Task to carry out:
Pictures in the records below must be left out. Return exactly the lines from the line with "Lyst - Acne" to the line with "Maclaren Quest Baby", both included.

Exercise materials:
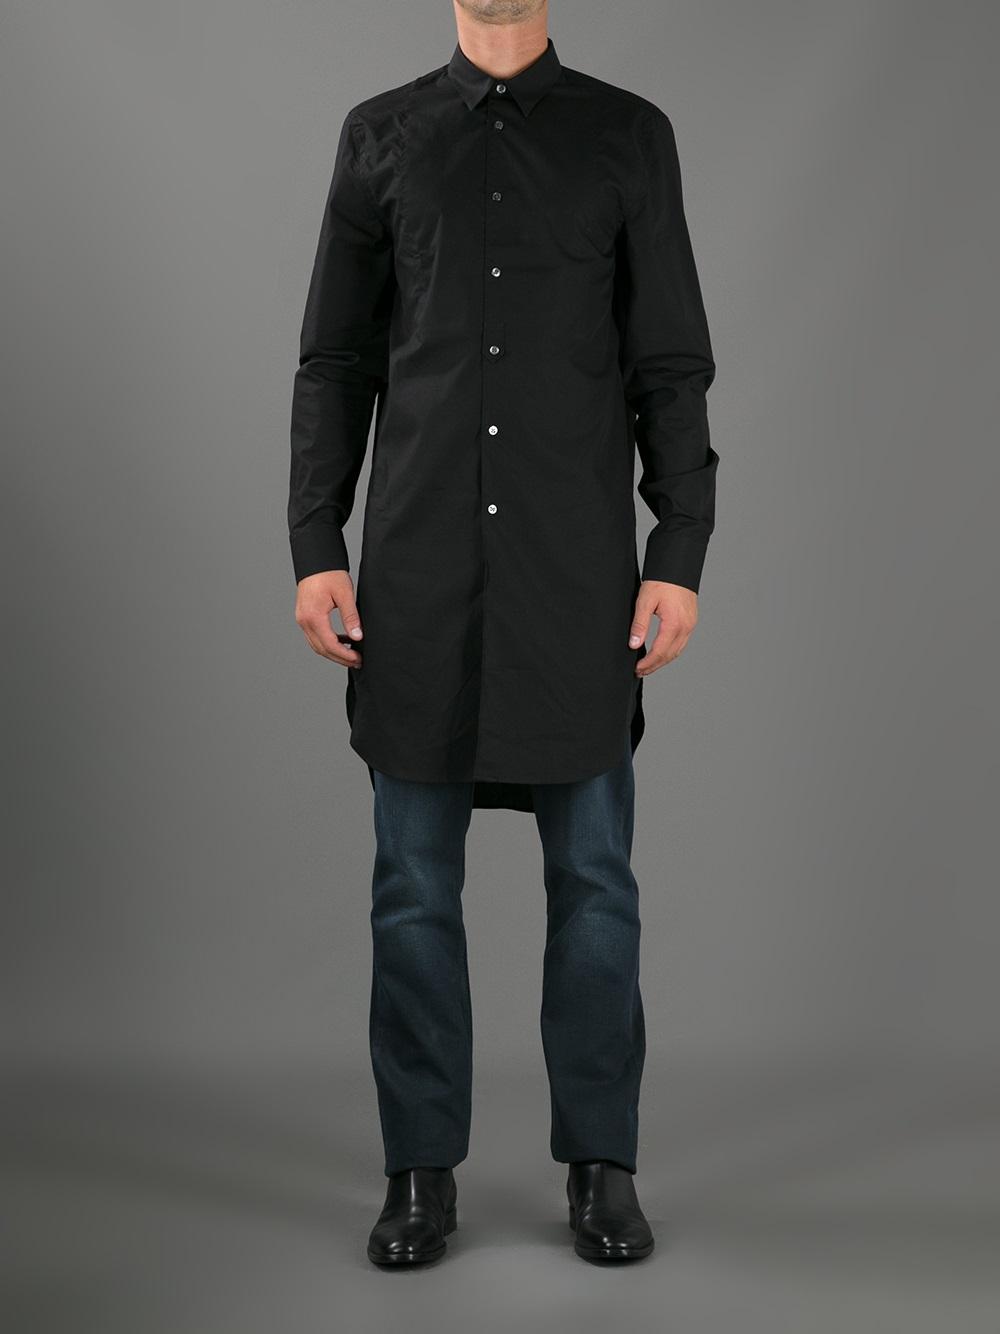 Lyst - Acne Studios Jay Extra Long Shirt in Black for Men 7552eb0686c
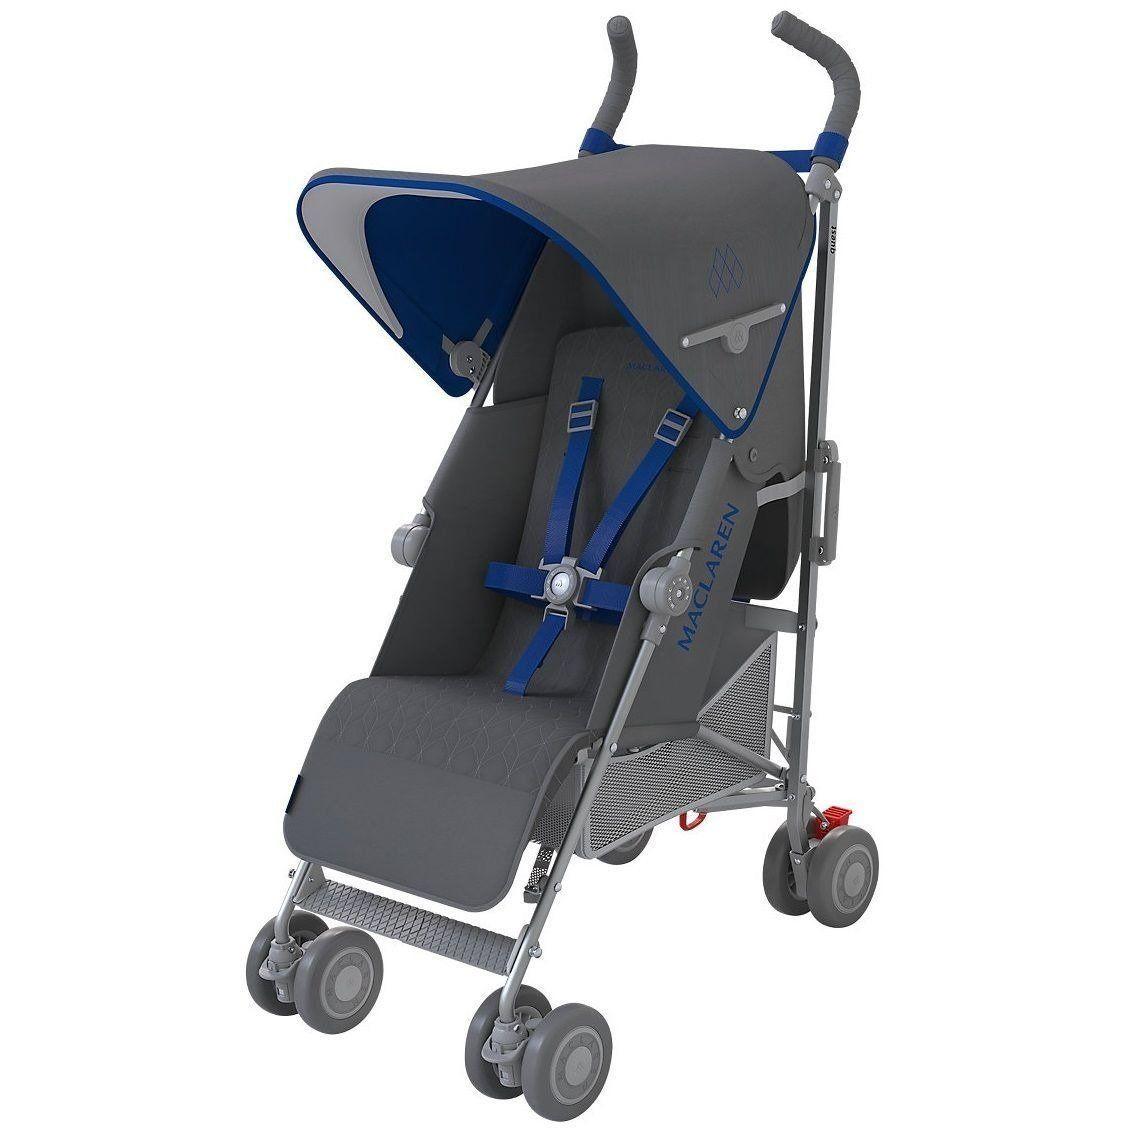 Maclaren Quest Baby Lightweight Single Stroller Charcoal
---
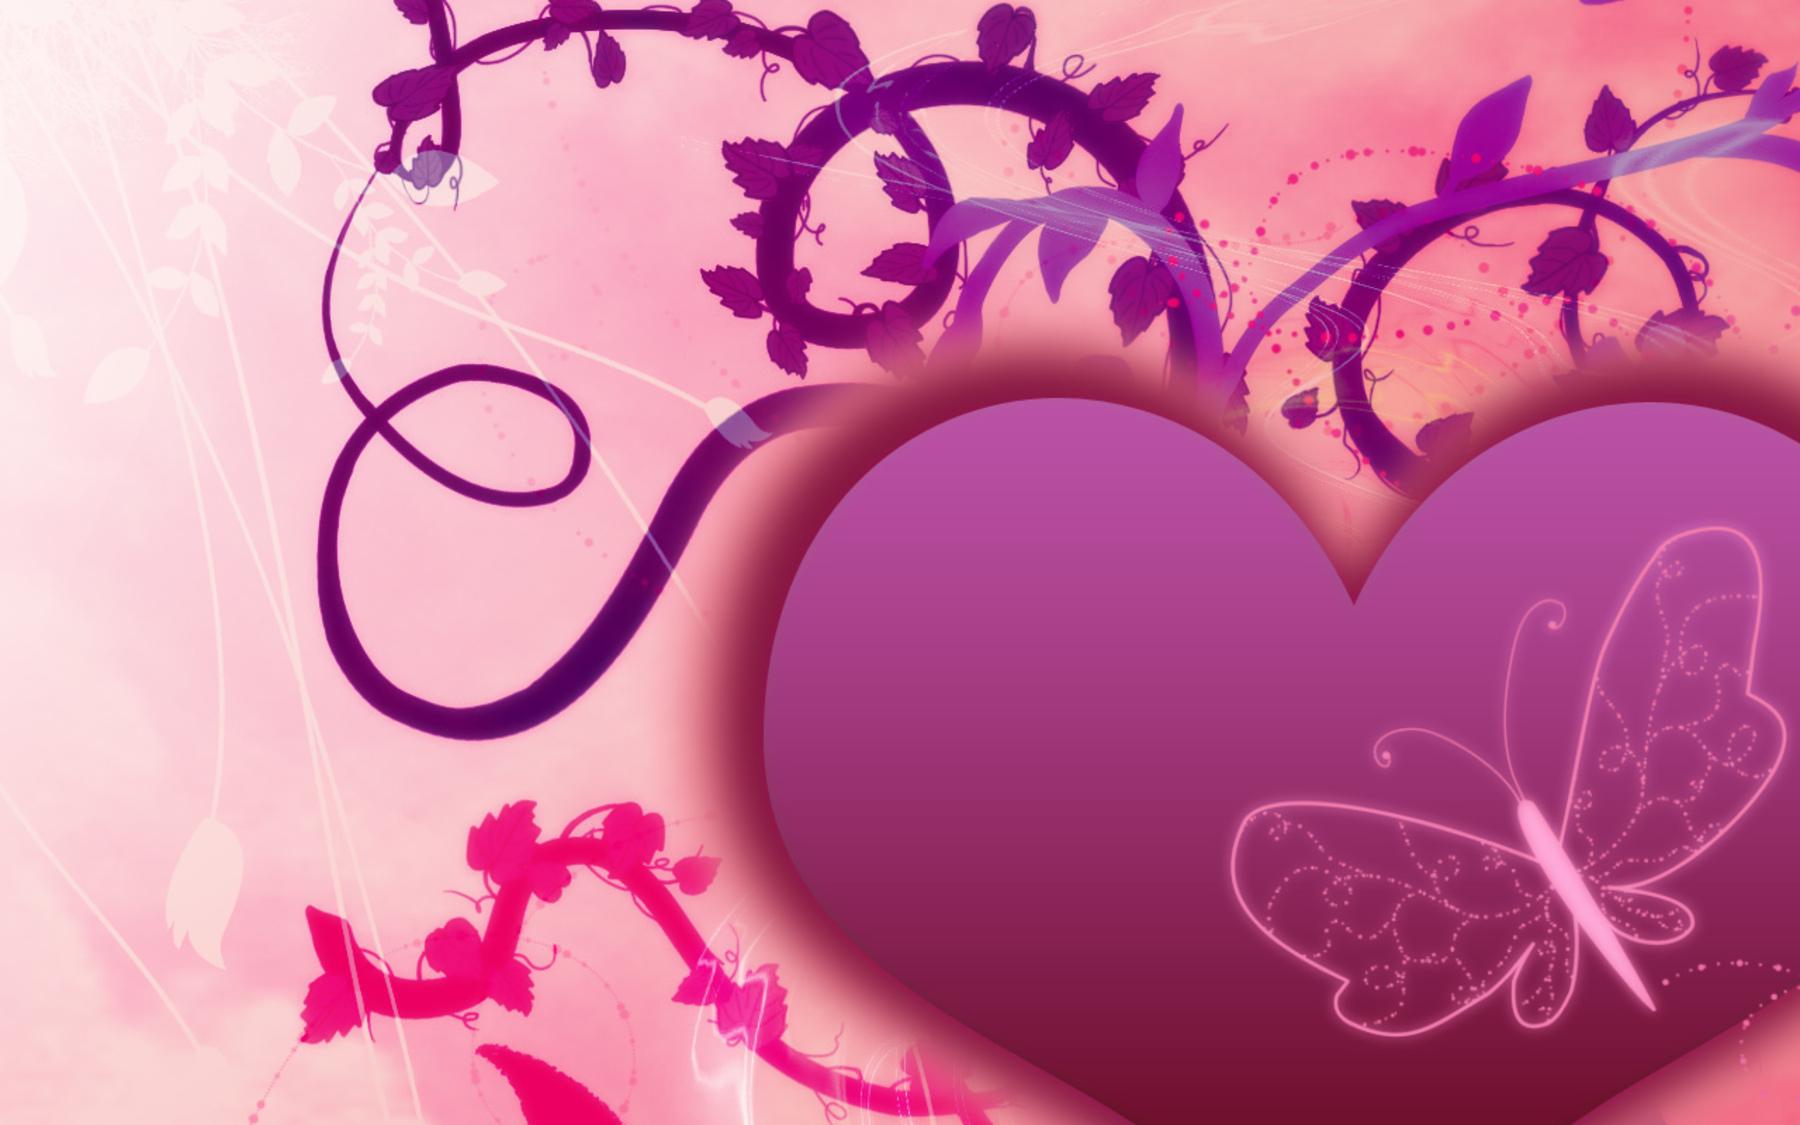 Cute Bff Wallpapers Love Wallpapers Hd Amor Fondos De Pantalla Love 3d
--
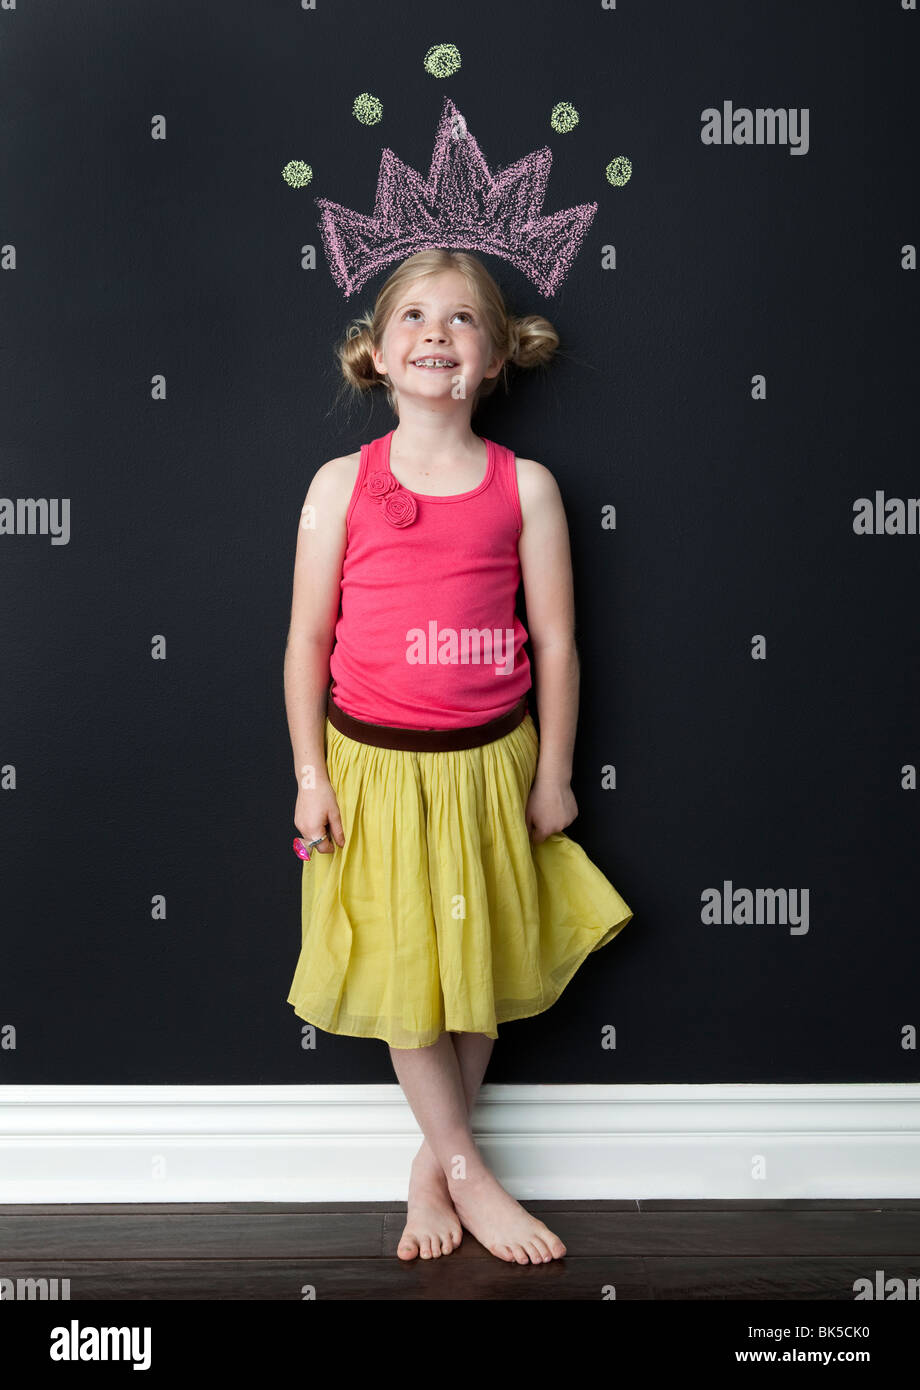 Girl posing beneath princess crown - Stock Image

Response below:
 Lyst - Acne Studios Jay Extra Long Shirt in Black for Men 7552eb0686c
 Maclaren Quest Baby Lightweight Single Stroller Charcoal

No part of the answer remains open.